CGT withholding regime
An introduction of a 10 per cent non- final withholding tax on payments made to foreign residents that dispose of specific taxable Australian property will come into effect from 1 July 2016.
The new legislation will impact on any property transaction where the purchase price is more than $2 million. The withholding regime will apply to:
- Australian real property – land, buildings, residential and commercial property
- Lease premiums paid for the grant of a lease over real property in Australia
- Mining, quarrying or prospecting rights
- Indirect Australian real property interest
- Options or rights to acquire such property or interest
The legislation is aimed at vendors that are ‘foreign persons’ to ensure their capital gains tax liability is retained.
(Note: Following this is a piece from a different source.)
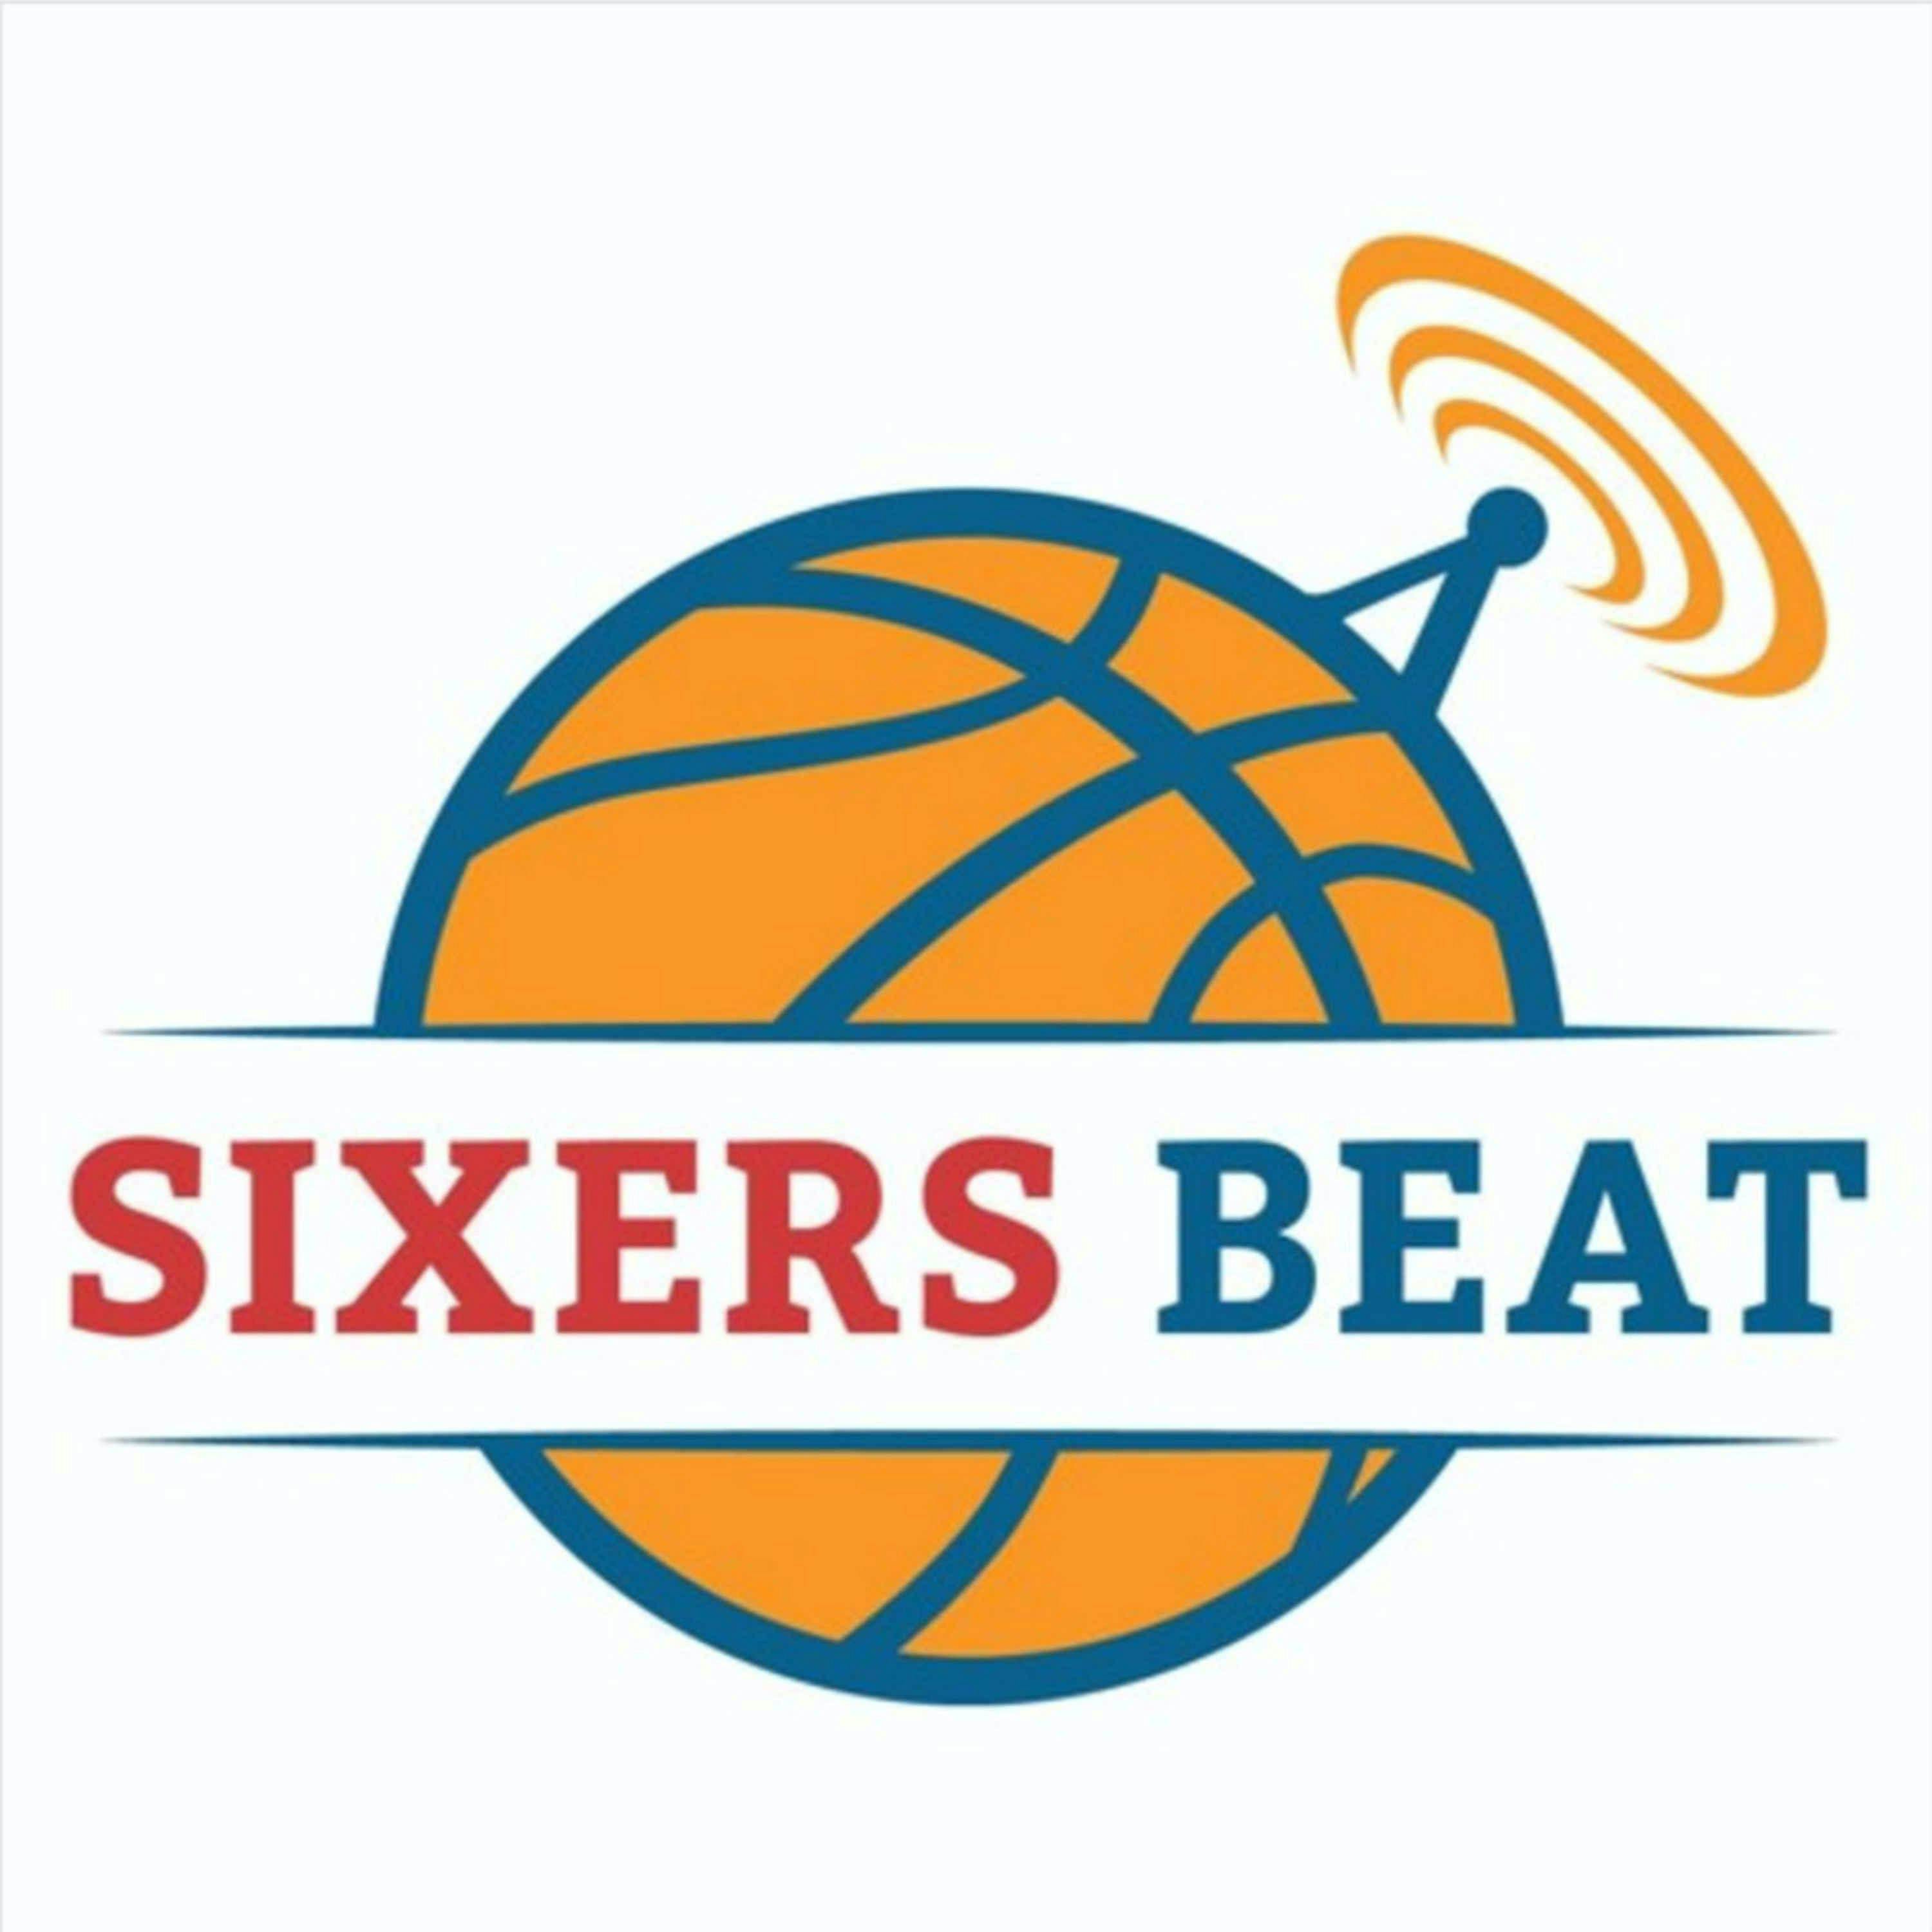 #137 - Can the Sixers get a top-4 seed?

Any sale contract entered on or after 1 July 2016 will require the purchaser to withhold 10 per cent of the purchase price and pay that amount to the ATO. The vendor then applies for a tax credit for the amount withheld by the ATO following settlement.
The purchaser must withhold 10 per cent of the purchase price unless the vendor shows the purchaser a clearance certificate from the ATO. The ATO will only issue a clearance certificate to Australian resident vendors.
Where the vendor is a ‘foreign person’, the purchaser must withhold 10 per cent of the purchase price and pay that to the ATO unless the vendor provides a ‘Variation Notice’ in which case the purchaser must withhold the revised amount. A ‘foreign person’ vendor can obtain a Variation Notice from the ATO.